BERLIN (Reuters) – Germany, lagging in its building goals to alleviate a housing shortage, needs to construct 320,000 new apartments each year by 2030, a study on Thursday showed.

Authorities granted permits for the building of just under 216,000 apartments in 2024, as Europe’s largest economy navigates its worst real-estate crisis in decades, keeping a lid on new construction.

That pace, the slowest since 2010, puts Germany far behind the federal government’s self-imposed goal of building 400,000 apartments a year to help house its growing population, spurred in part by immigrants from Ukraine and Syria.

The study – by the Federal Institute for Research on Building, Urban Affairs, and Spacial Development (BBSR) – was commissioned by the nation’s housing ministry.

It showed the need for housing was particularly great in cities like Berlin, Munich and Frankfurt.

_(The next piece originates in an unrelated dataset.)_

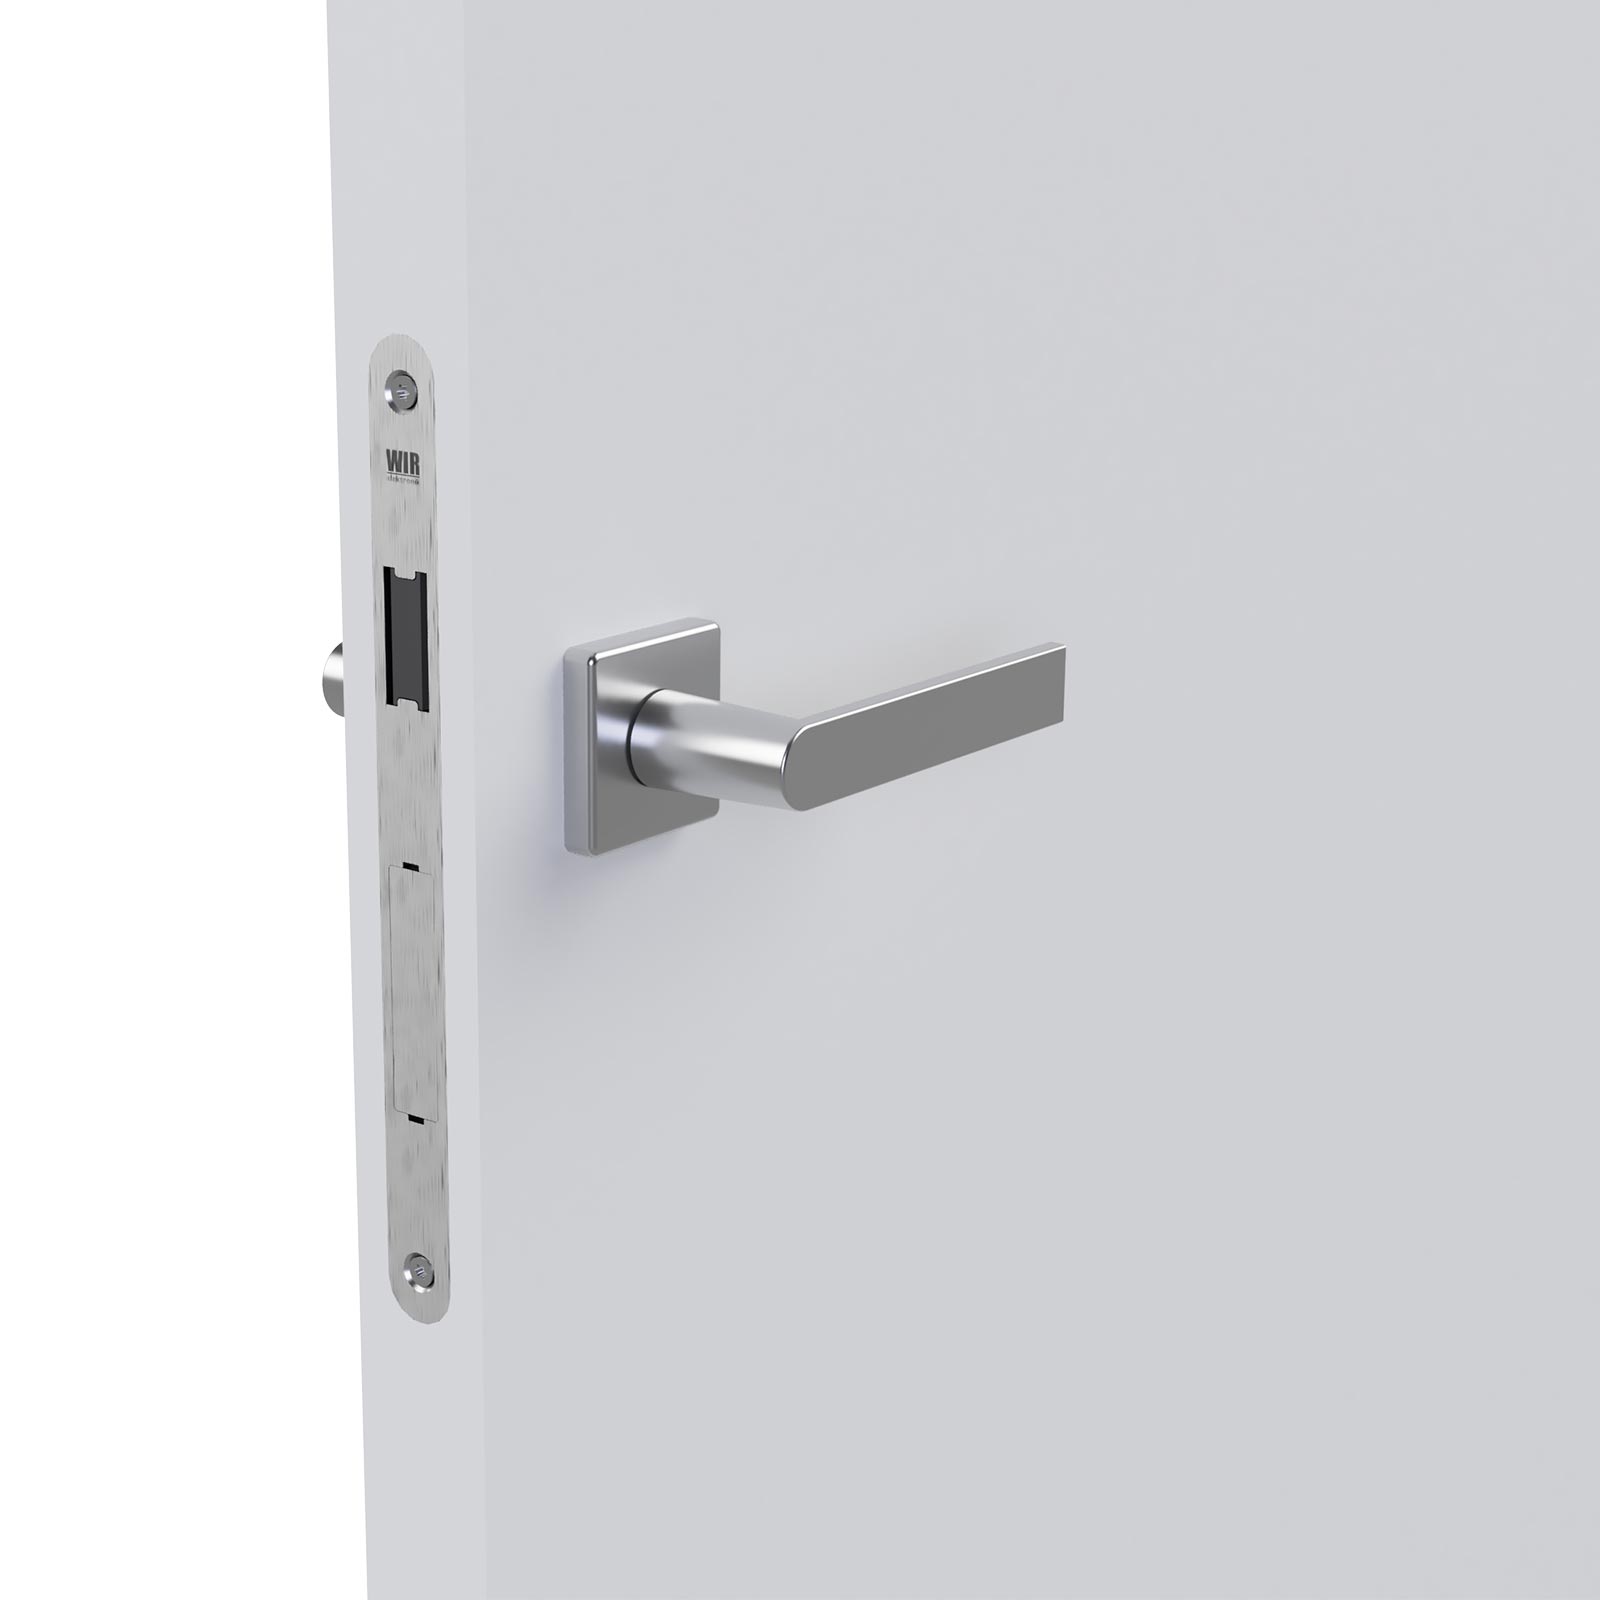 WIR eSCH320 Elektronisches Türschloss für DIN-Rechts/Links-Türen mit Panikfunktion Rechts/Links

After years of boom, Germany’s 730 billion euro real estate industry ground to a halt in 2022 when the European Central Bank swiftly hiked interest rates to stamp out the worst bout of inflation in decades.

The industry, which had been firing on all cylinders, was ill-prepared. Construction projects halted, workers lost their jobs, building sales collapsed and property developers went insolvent.

Industry executives had hoped for a recovery in the sector this year but a recent increase in borrowing costs – on the back of spending plans by the German government – is dealing yet another blow.